Analysis

Emergency nursing during major incident plans

Hospitals expect a major incident plan to be implemented every three years, but following recent events in London and Manchester, such plans have been activated five times in three months.

When the extent of the Grenfell Tower fire became clear, nearby St Mary’s Hospital activated a major incident plan – for the third time in three months.

Lessons
Picture: Alamy

As the major trauma centre for north west London, the hospital also cared for casualties from the two terrorist attacks in the capital – in Westminster and Borough Market.

Recent months have seen an intense period of major incidents for a number of emergency departments (EDs), both in the capital and in Manchester, where 22 people died and more than 100 were injured in a suicide bomb attack.

James Bird, lead nurse for emergency medicine at St Mary’s, which is part of Imperial College Healthcare NHS Trust, says that normally a major incident would be expected once every three years. On all three recent occasions, staff at the hospital provided rapid, exceptional care for a sudden influx of patients, with often severe trauma injuries.

3,395

Number of terrorism-related deaths in the UK since 1970

Source: telegraph.co.uk

‘We are seasoned,’ Mr Bird says. ‘We know that the plan is fully understood by everyone in the department.’

TV documentary

The activity prompted by a major incident was captured by a BBC documentary team for the series Hospital, when a crew happened to be filming during the Westminster attack. The programme showed how the perpetrator was the first casualty to arrive, with armed police on hand, and followed the stories of a number of victims.

When the warning of a major incident is received at St Mary’s, all except one entrance to the ED is locked, and the doctors focus on reviewing every patient, either rapidly admitting them or sending them home. ‘Over the last three incidents we have always started with a full department and we can generally empty it over 20 minutes,’ Mr Bird says.

Cages filled with extra equipment for trauma injuries, such as chest drains and tourniquets, which are always ready for a major incident, are brought out into the correct areas. Paediatric equipment is taken to all the resuscitation bays. Staff take up their positions, including a senior doctor and senior nurse who triage every patient on arrival. Trauma teams are set up and waiting in bays, and staff move from the usual IT system to paperwork, as it is quicker.

Extra staff

For major incidents, especially the Borough Market attack and Grenfell Tower fire which took place at night, extra staff are often needed. ‘The nurse in charge will start calling in staff not on the next shift,’ Mr Bird says. ‘Everyone wants to come in and is keen to help. Part way through we had to say we had sufficient staff, because we needed them for the next shift. It is encouraging that even after three incidents in three months, people still want to help and there is no fatigue.’

When the first casualties start to arrive, everyone is clear of their role, Mr Bird says. ‘It is calm, we know exactly what we are going to be doing,’ he says. ‘But it is emotive, because you are seeing the aftermath to a terrorist attack or the Grenfell fire. We had children who had been in a fire in their home. Everyone just wants to do their best at 3am for the patients.’

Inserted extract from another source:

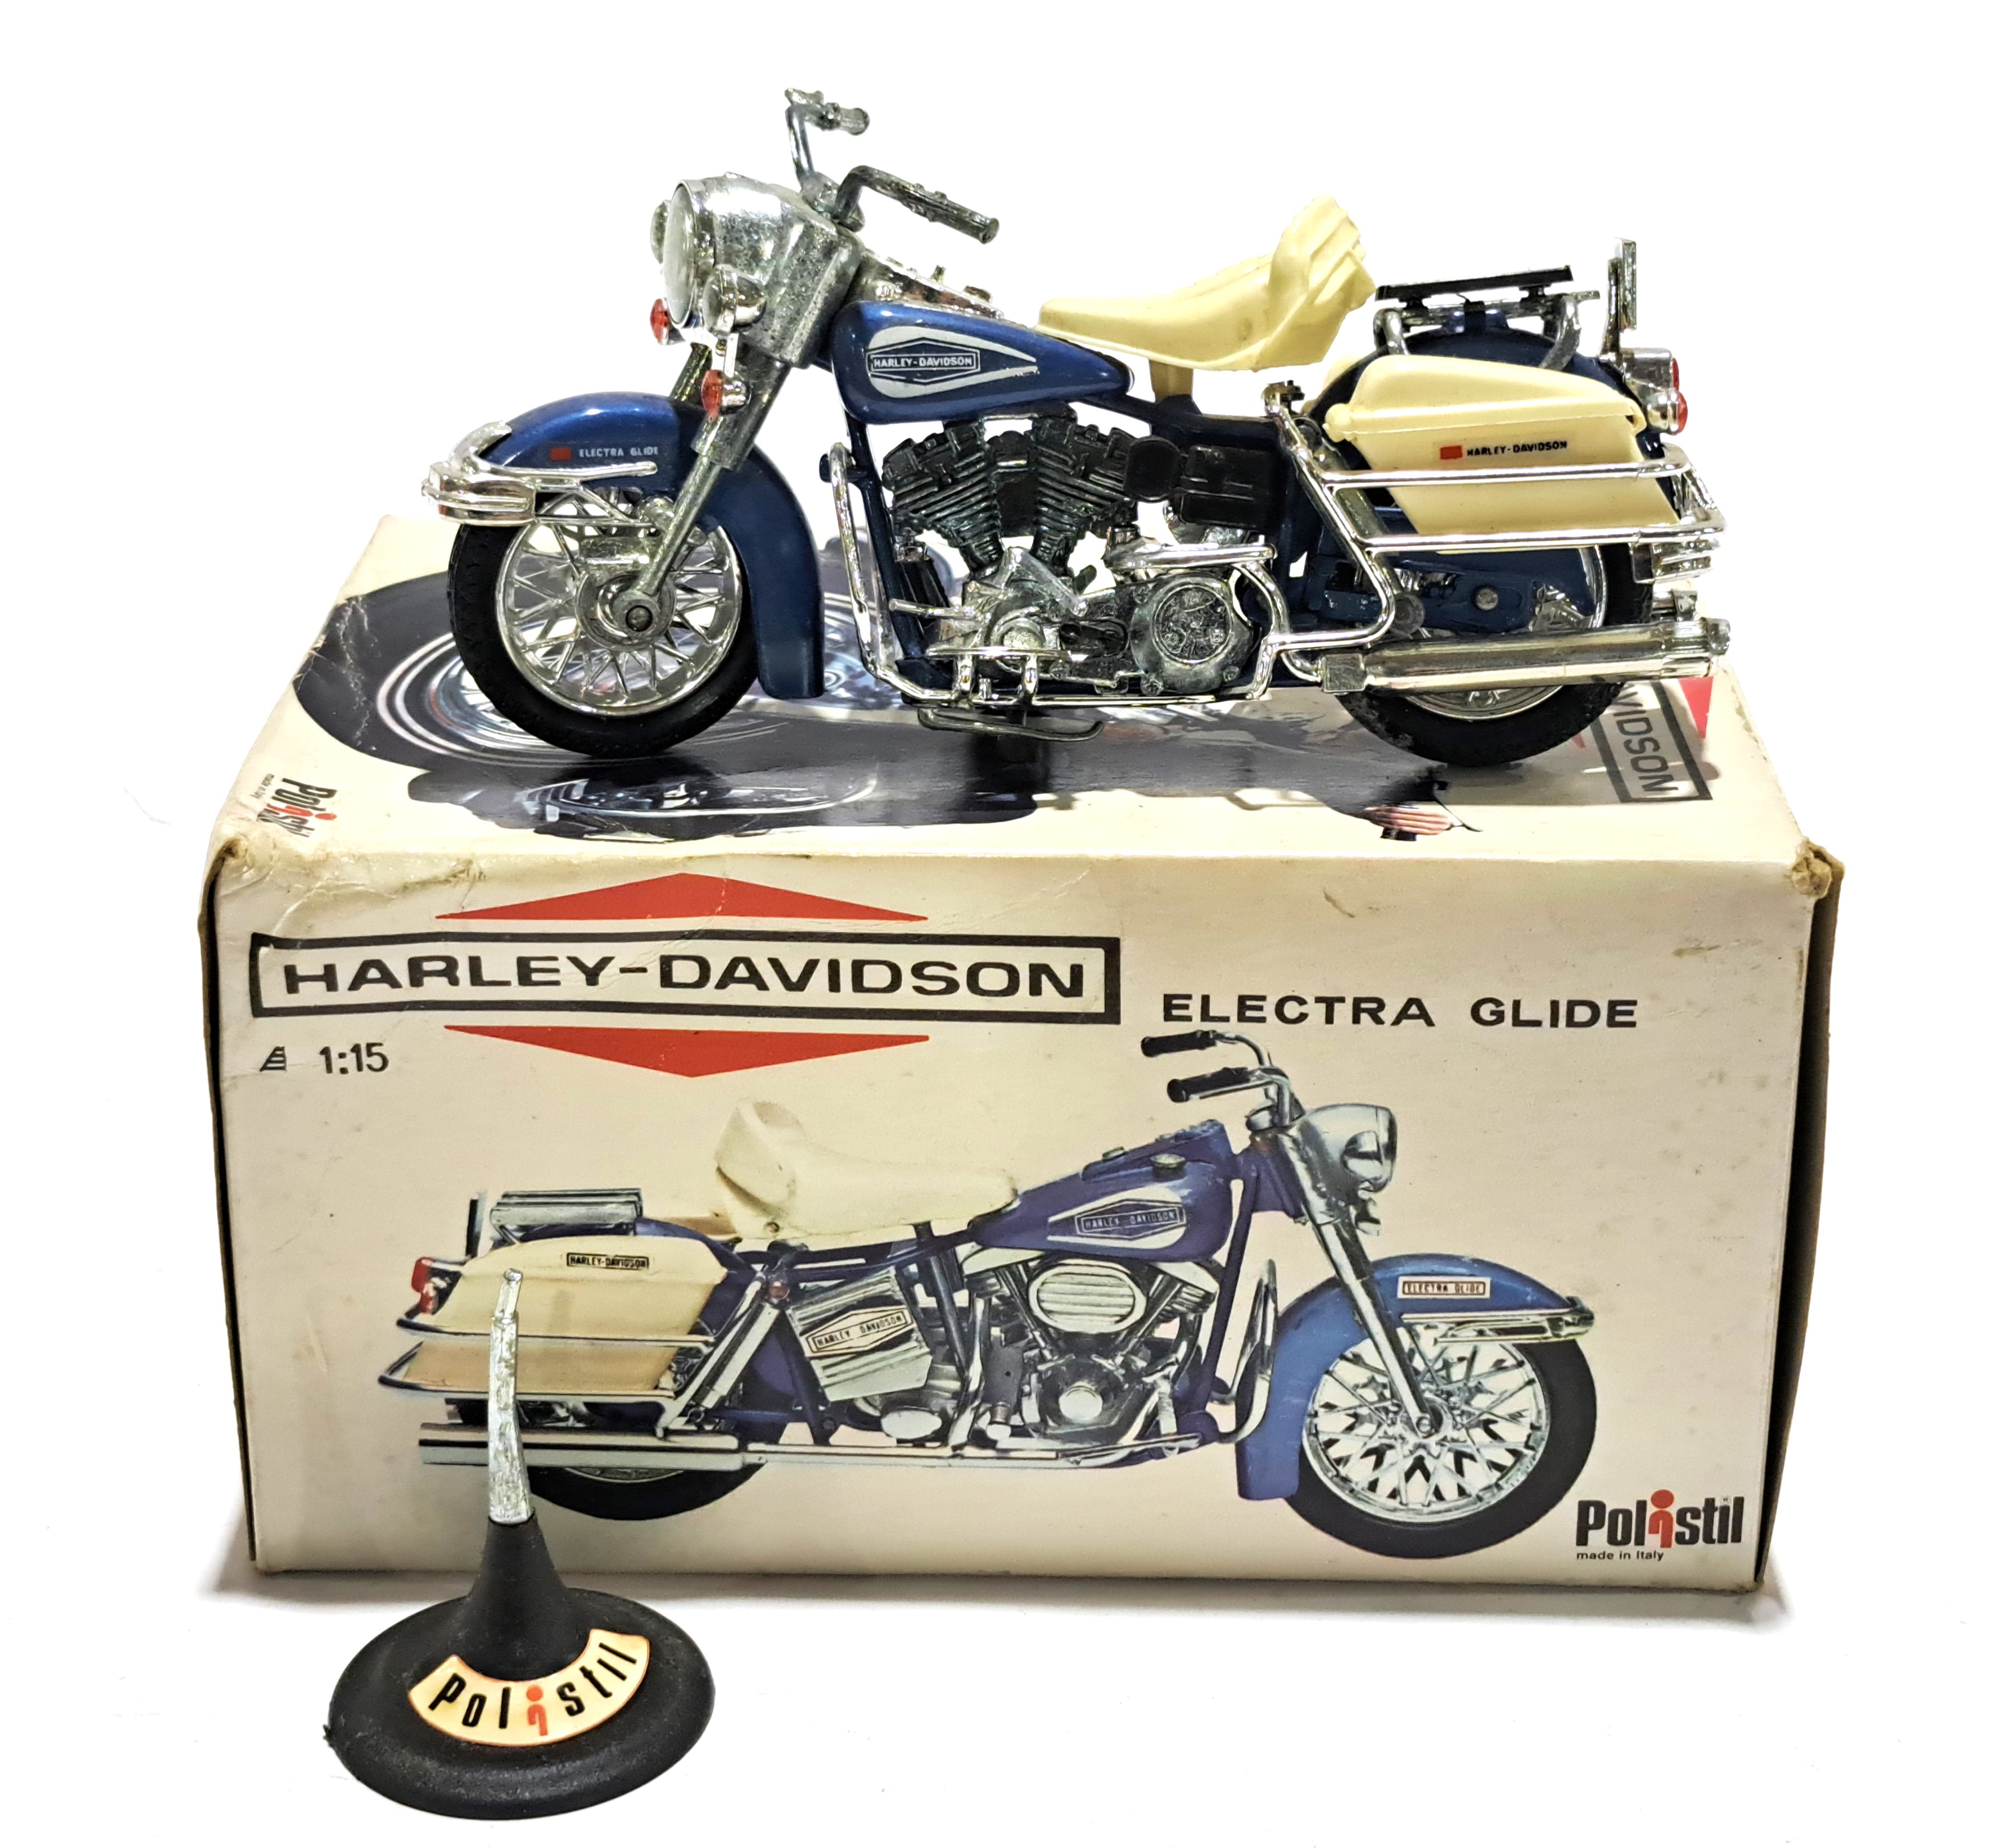 Polistil, a boxed pair of motorcycles - Image 3 of 3

Other people still need help with the usual serious health problems, such as heart attacks and strokes, Mr Bird says. They are treated the same as casualties from the major incident, being triaged and then cared for within the same system.

The plan is reviewed after each major incident, and small adjustments made each time to improve the emergency response, he says.

303

fire-related fatalities in England in 2015-16

Source: www.gov.uk

Hospitals in Manchester found themselves at the centre of a major incident in May when a terrorist blew himself up outside an arena as crowds flooded away from a concert. A total of 22 people died, plus the bomber, and 119 were injured, 23 critically. Many of those caught up in the horrific attack were children.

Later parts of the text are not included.